Heritage Action ("The Crosby Garrett helmet findspot, the PAS database and rumours about both", 2nd February 2014) pose an interesting question.
10,000 random people were asked “if you could double your money by saying you got something in Harrow when you got it in Jarrow would you do it?” X% said yes.
Now, unless you can say how much X is, which you can’t, you’d have to accept that to a degree that can never be known, a portion of PAS’s data is deliberately falsified. So, Professor Gill, never mind where the helmet came from, the pressing question for Britain is where did all the other finds come from?
Think about it. The PAS is keeping quiet. Their ability to verify findspot data is very limited. They are forced to include an object on their database with the findspot the reporter indicates.
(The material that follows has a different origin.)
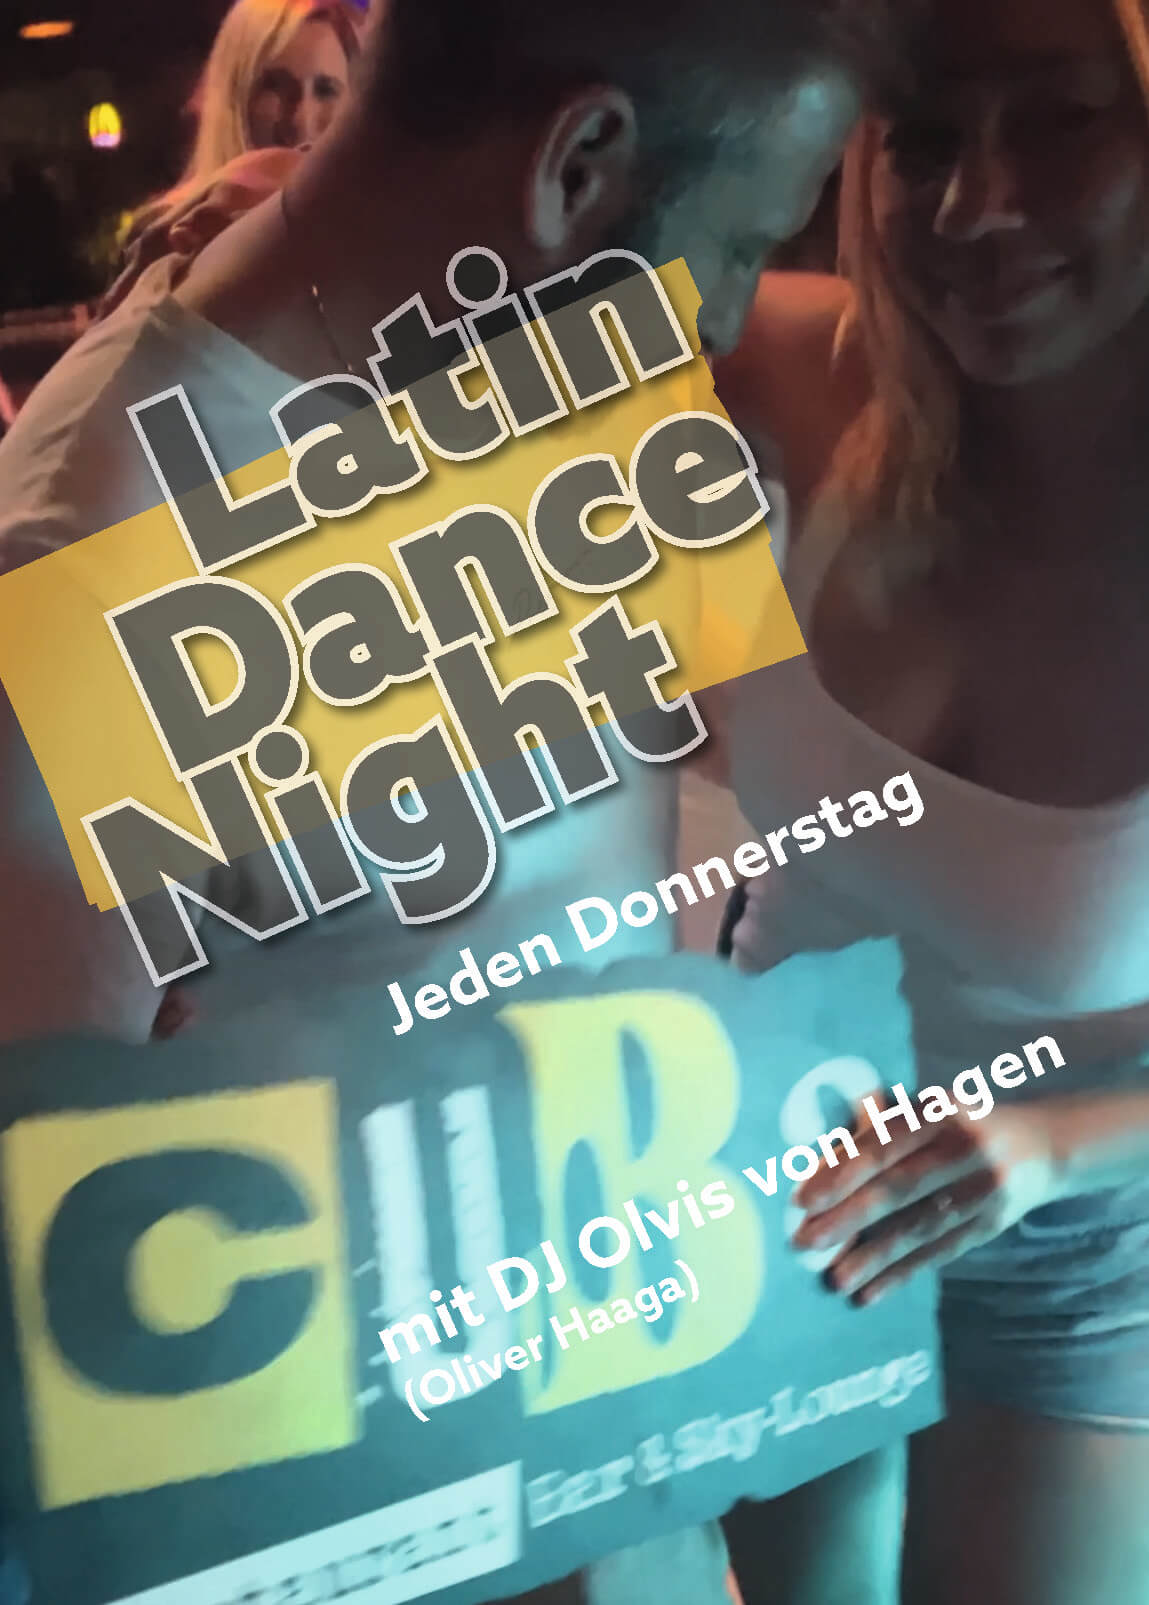 Latin Dance Night - Cuba Restaurant Bar & Skylounge

The Glasgow Project has yet to include the category of "Fibbery" in its online encyclopedia:
Fibbery is less spoken of yet may be vastly more common. It’s where something is dug up perfectly legally but then a big fib is told about where. There are many motivations for doing it but the big one is where you have a 50-50 agreement with one landowner but not with another and so … “That’s very rare” detectorists would say without knowing if it was, “don’t insult the rest of us”. But actually it’s merely saying detectorists are no more saintly than anyone else.Of course we have the same thing in the antiquities market. One suspects that "from an old English collection" in reality means nothing more than the dealer picked it up from a smuggler's brother outside a lock-up garage near Luton airport.